Google Speech-To-Text Cannnot Process AMR audio?

22 views Asked by At

I have a java app which is sending call recording to my node server, where I'm transcribing it using Google's Speech-To-Text tool. Here's what a part of it looks like

const speechClient = new speech.SpeechClient();

  const file = req.files[0].buffer;          
  const audioBytes = file.toString('base64');
  
  const audio = {
    content: audioBytes
  };
  const config = {
    encoding: 'AMR_WB',   
    sampleRateHertz: 16000, 
    languageCode: 'bn-BD',  
  };
  const data = await speechClient.recognize({audio, config})
  const transcription = data[0].results.map(r => r.alternatives[0].transcript).join("\n");
  console.log(transcription);

Since I'm using a lossy format, it should work as per the official docs here. But I just get an empty string. Any other sampleRateHertz throws an error of bad sampleRate.

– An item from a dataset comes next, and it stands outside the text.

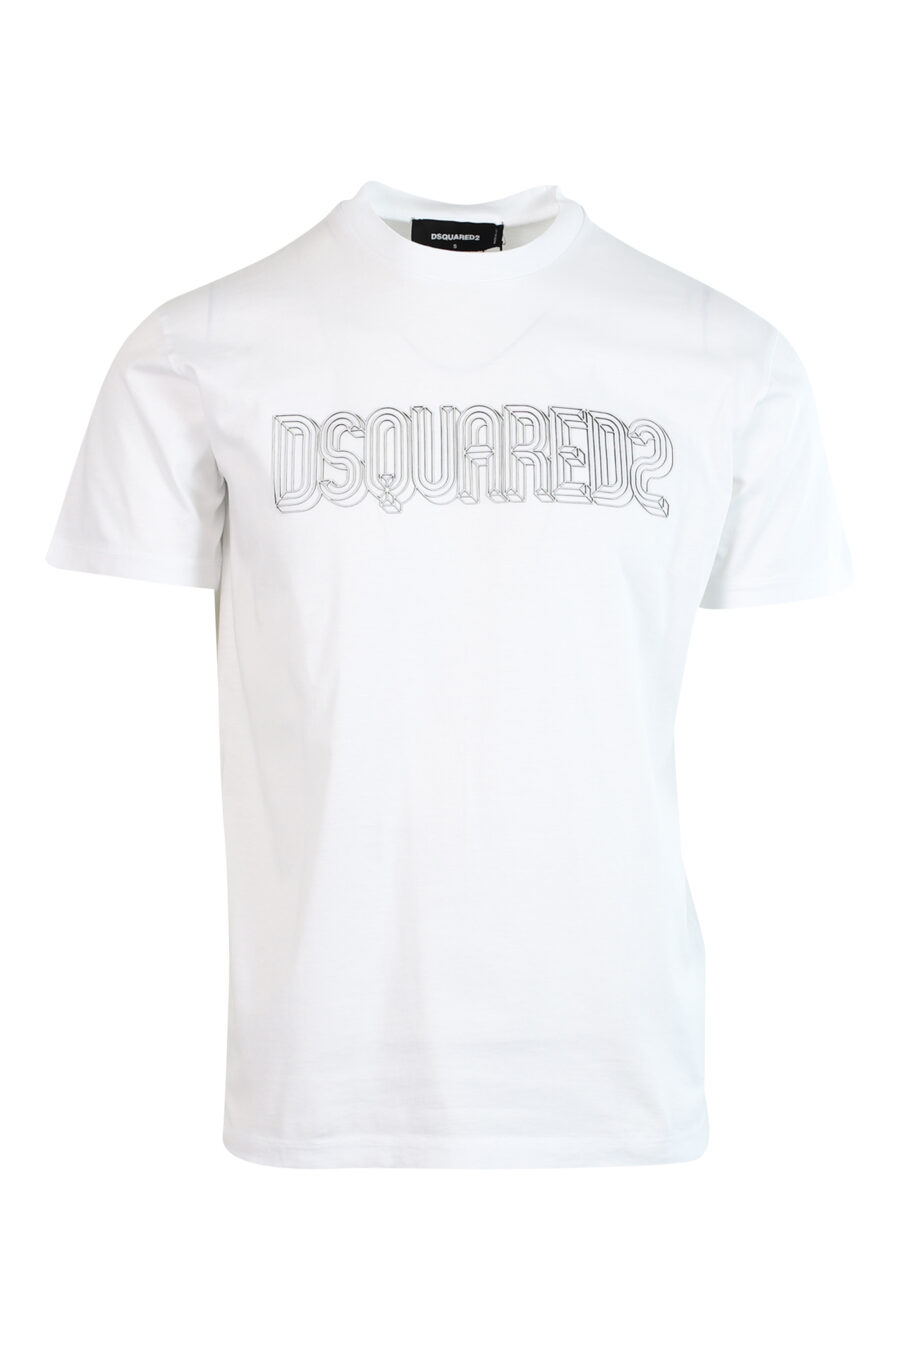 White T-shirt with monochrome logo - 8052134946381
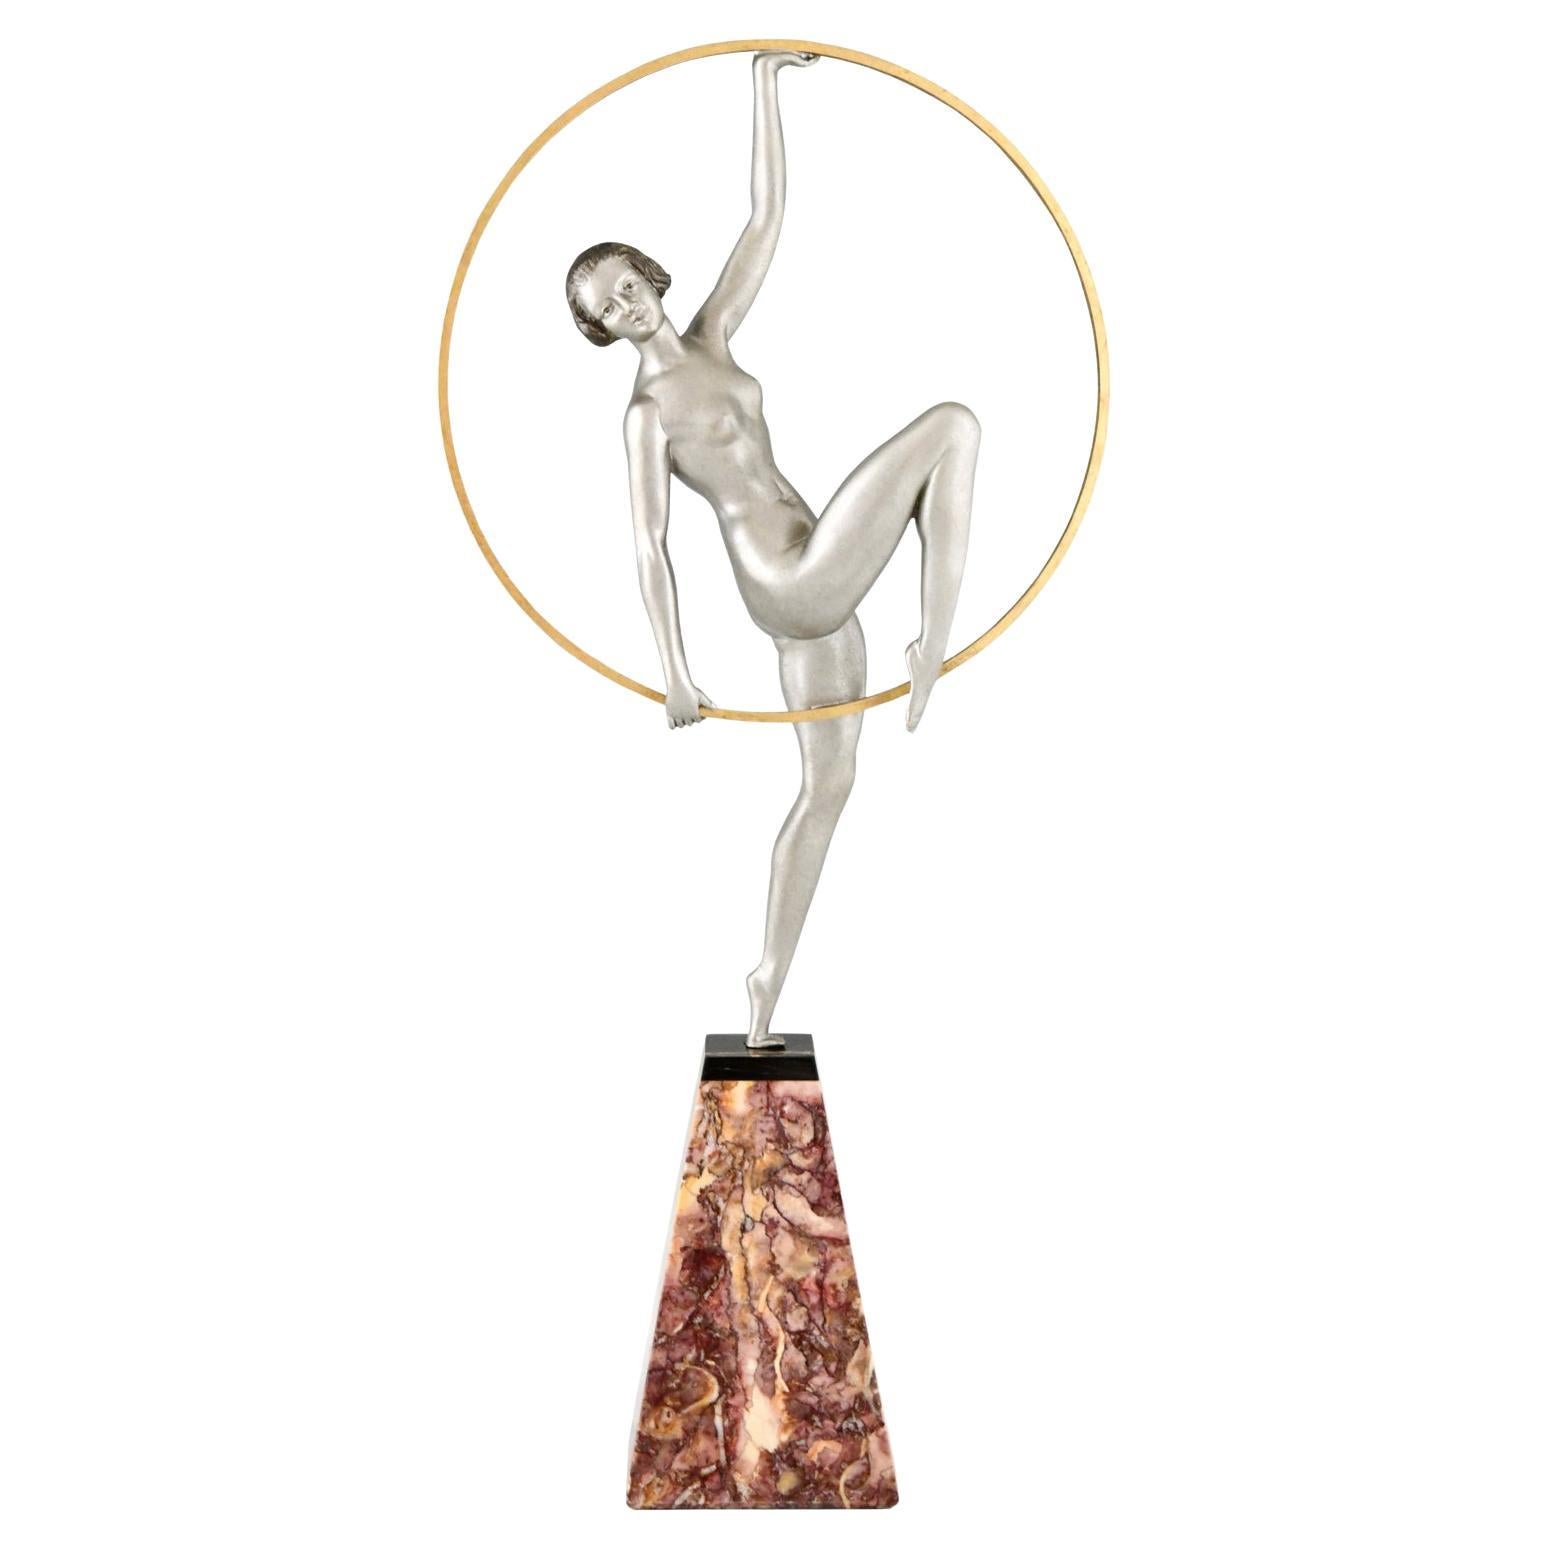 Art Deco sculpture hoop dancer by Limousin France 1930

Tried this combination as well, which also returns empty string

const config = {
    encoding: 'LINEAR16',   // Audio encoding (change if needed). FLAC/LINEAR16/AMR_WB
    sampleRateHertz: 44000, // Audio sample rate in Hertz (change if needed).
    languageCode: 'bn-BD',   // Language code for the audio (change if needed).
  };

Please help. Basically recording calls from an old samsung running android 6 and transcribing for sentiment analysis. For a school project.

Thanks

0

There are 0 answers